Start of Exercise data
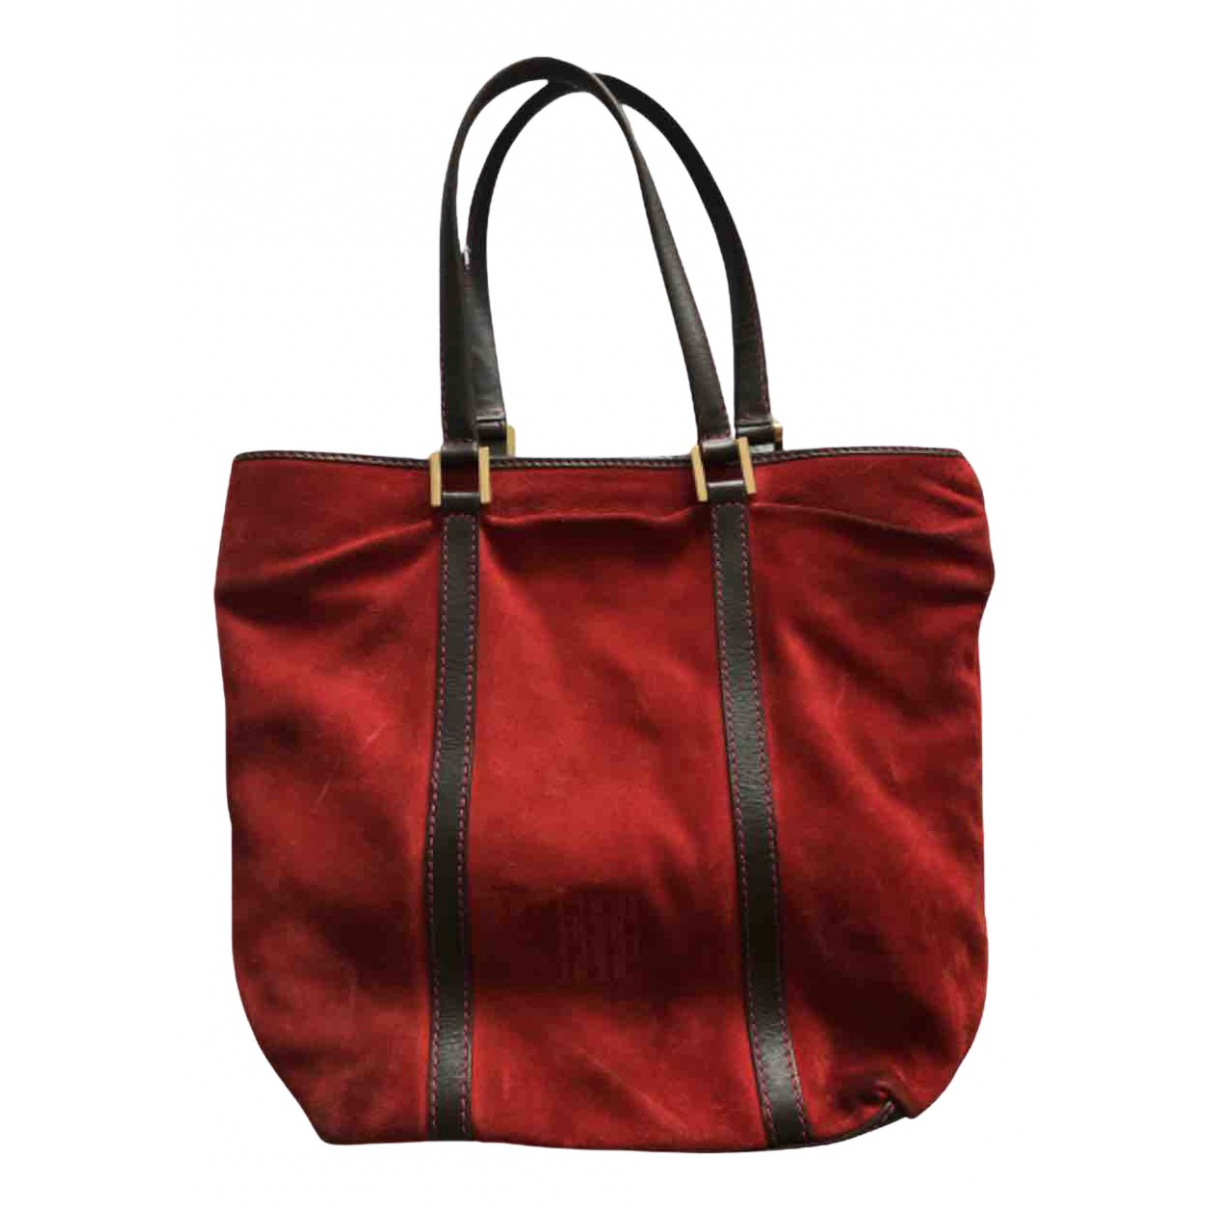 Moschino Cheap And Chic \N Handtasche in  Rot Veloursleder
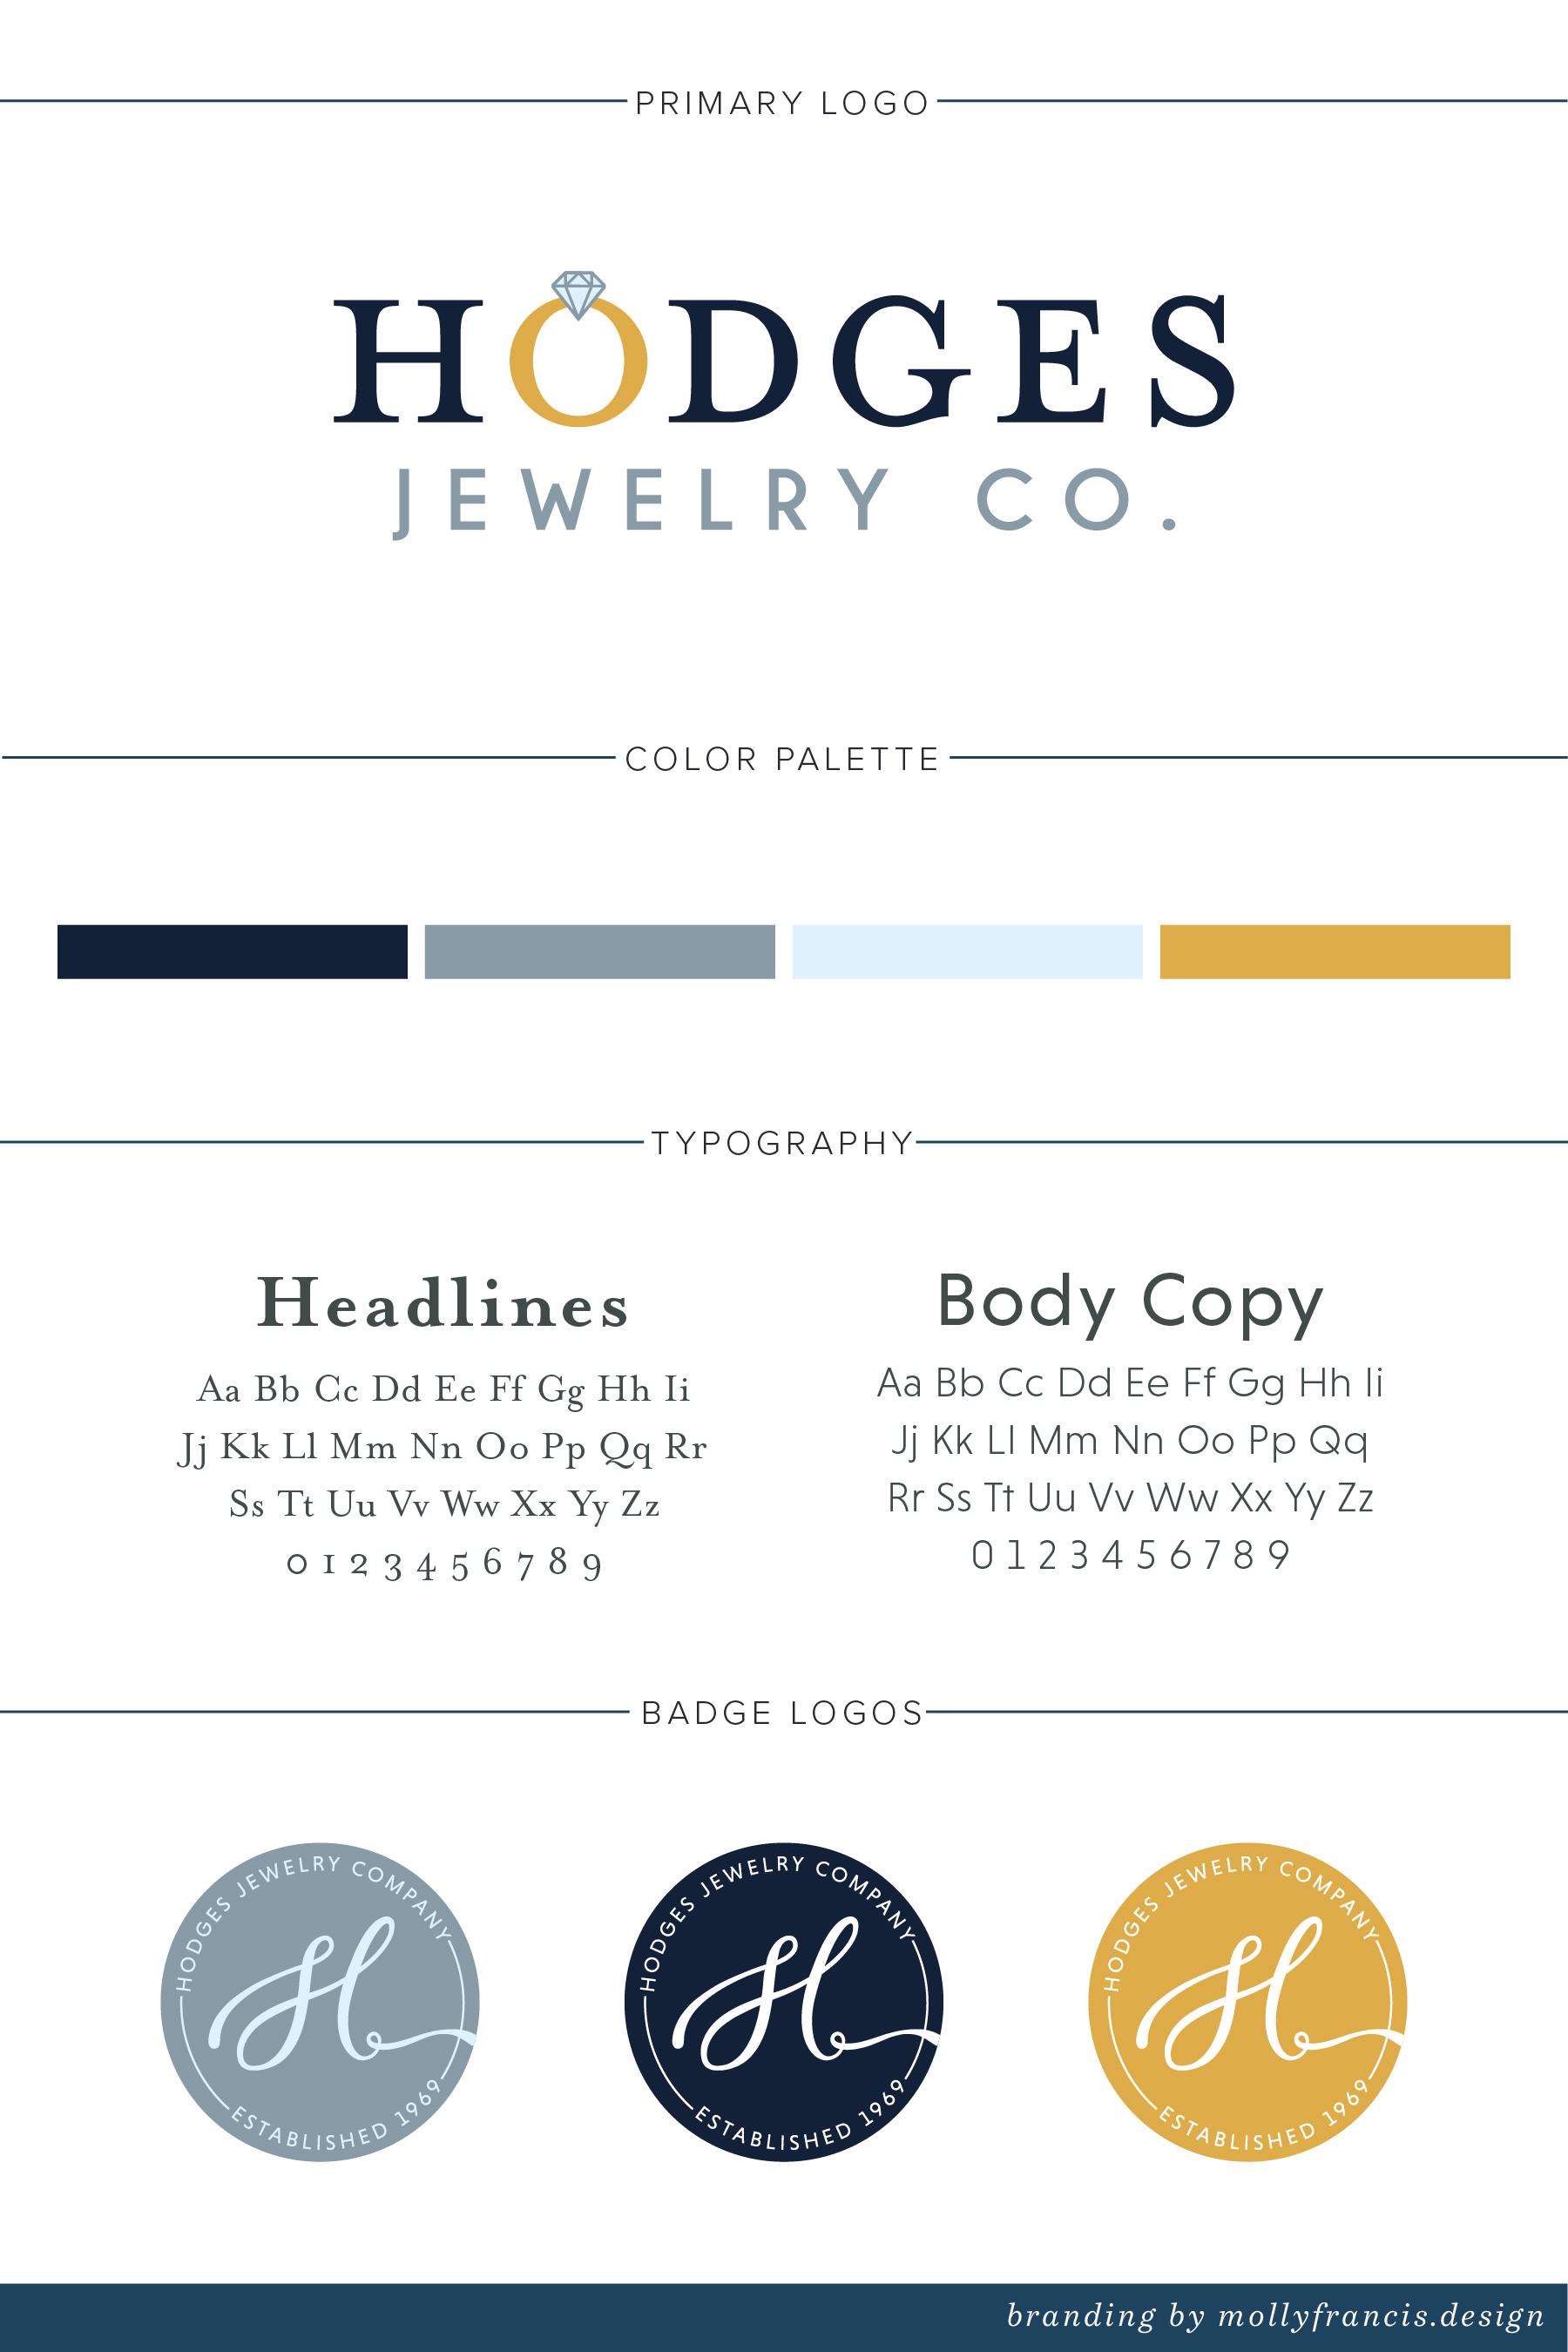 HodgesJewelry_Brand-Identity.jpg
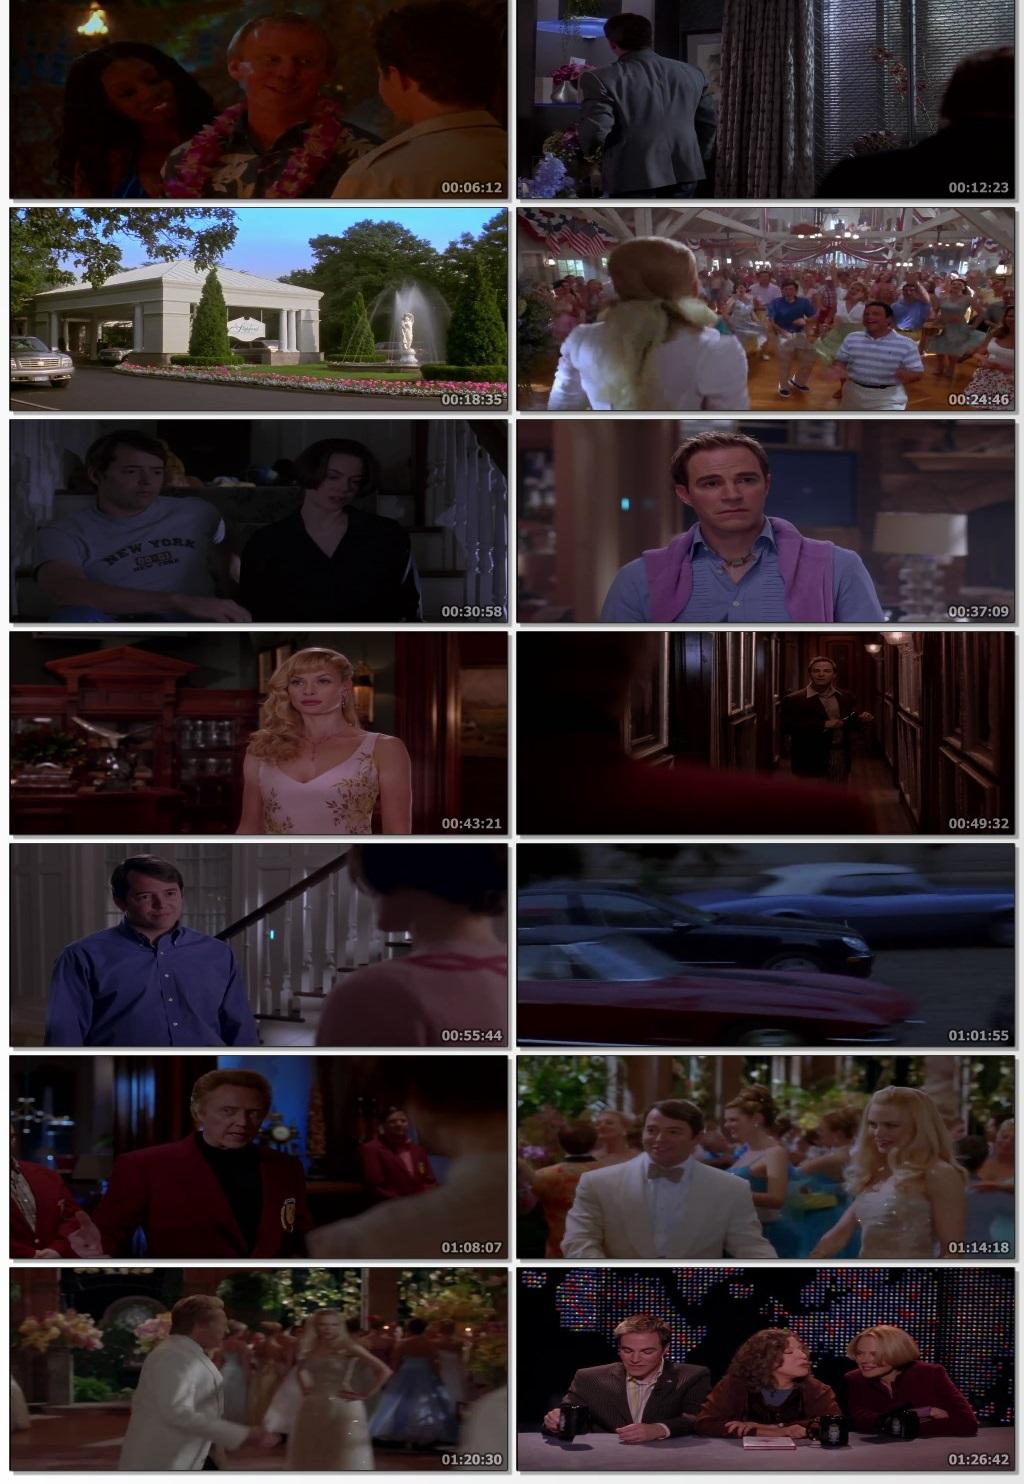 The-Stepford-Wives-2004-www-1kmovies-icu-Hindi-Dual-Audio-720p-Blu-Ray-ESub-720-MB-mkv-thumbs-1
End of Exercise data
Your task: In your copy of the data above, leave out the pictures and repeat everything else exactly.

Answer space:
 Moschino Cheap And Chic \N Handtasche in  Rot Veloursleder
 HodgesJewelry_Brand-Identity.jpg
 The-Stepford-Wives-2004-www-1kmovies-icu-Hindi-Dual-Audio-720p-Blu-Ray-ESub-720-MB-mkv-thumbs-1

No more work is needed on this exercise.